Finally... from another forum:

------------------------
Geek answer (and hope the equations dont get garbled):

Dave's right, kinetic energy is the way to figure this out, the equation is
:

0.5 * (M * V^2 + I * W^2) : I=moment of inertia W=angular velocity, V =
speed of car
I is unknown, but is modeled as X * M * (Rw)^2 , with X varying from 0->1,
Rw = radius of wheel. With some simple math W = V / Rt , Rt = radius of
tire....

0.5 * (M * V^2 + X * M * (Rw)^2 * V^2/ (Rt)^2 ) is the equation for energy,
simplifying,

0.5 * M * V^2 * (1 + X (Rw/Rt)^2)

A weight bolted to the car has kinetic enegy 0.5 * M * V^2,
so you can see this (1 + X * (Rw/Rt)^2) is the above factor I mention in the
handwaving answer. Call this F = (1 + X * (Rw/Rt)^2)

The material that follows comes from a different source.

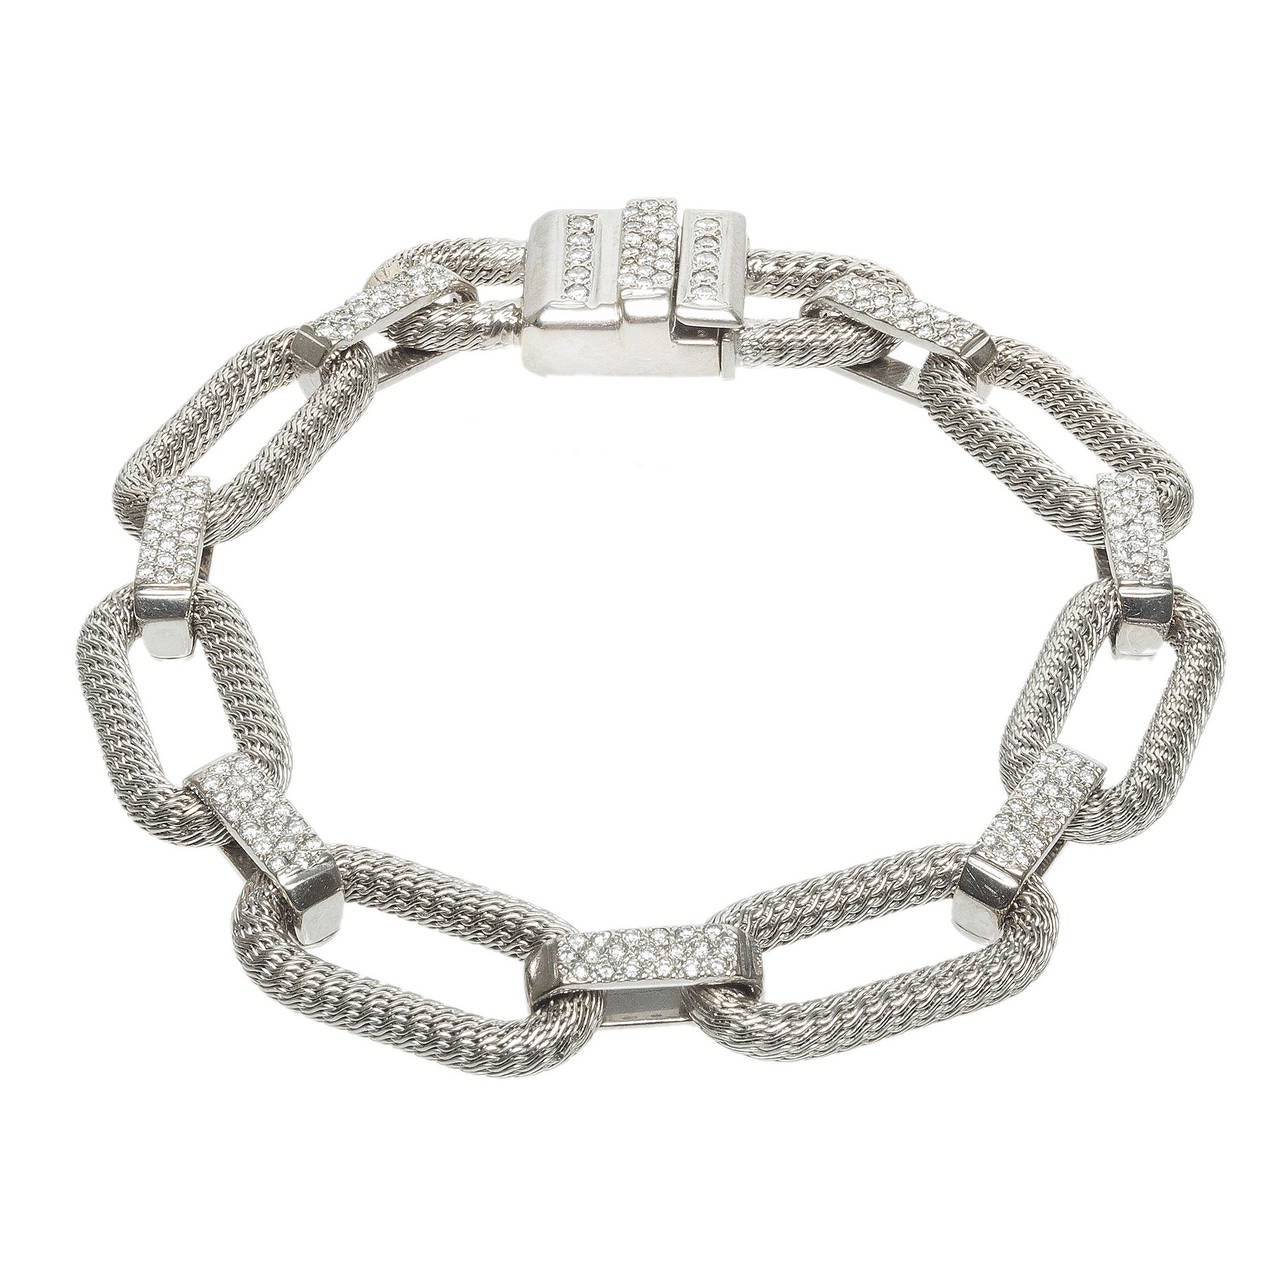 1.73 Carat Diamond White Gold Braided Link Bracelet

An exmaple : 205/50/15 , Rw = 7.5 Rt ~=11.5(23inch tire guess), and the only
unknown is X. Guessing X is dangerous - if ALL the mass of the wheel were at
90% of radius X=0.8 (seems conservative). For the 205/50/15 (X=0.8) F=1.34
every pound saved on the wheel is like taking 1.34 lbs out of the chassis.
This is substantially different than the 2 that Dave calculated. For
handling, the benefits in unsprung weight are not so easy to calculate, as
energy isnt the correct analysis tool... how much faster a car is with X lbs
removed is also hard to calculate (which is what John wanted to know). A
full simulation is the only way to be accurate.

Saving weight on tires is far more effective, you dont pay the (Rw/Rt)^ 2
factor, and the tire is heavier to start with (at least for my car - not my
kart!)

Dan Cyr
F125 #72 (when i'm not doing physics)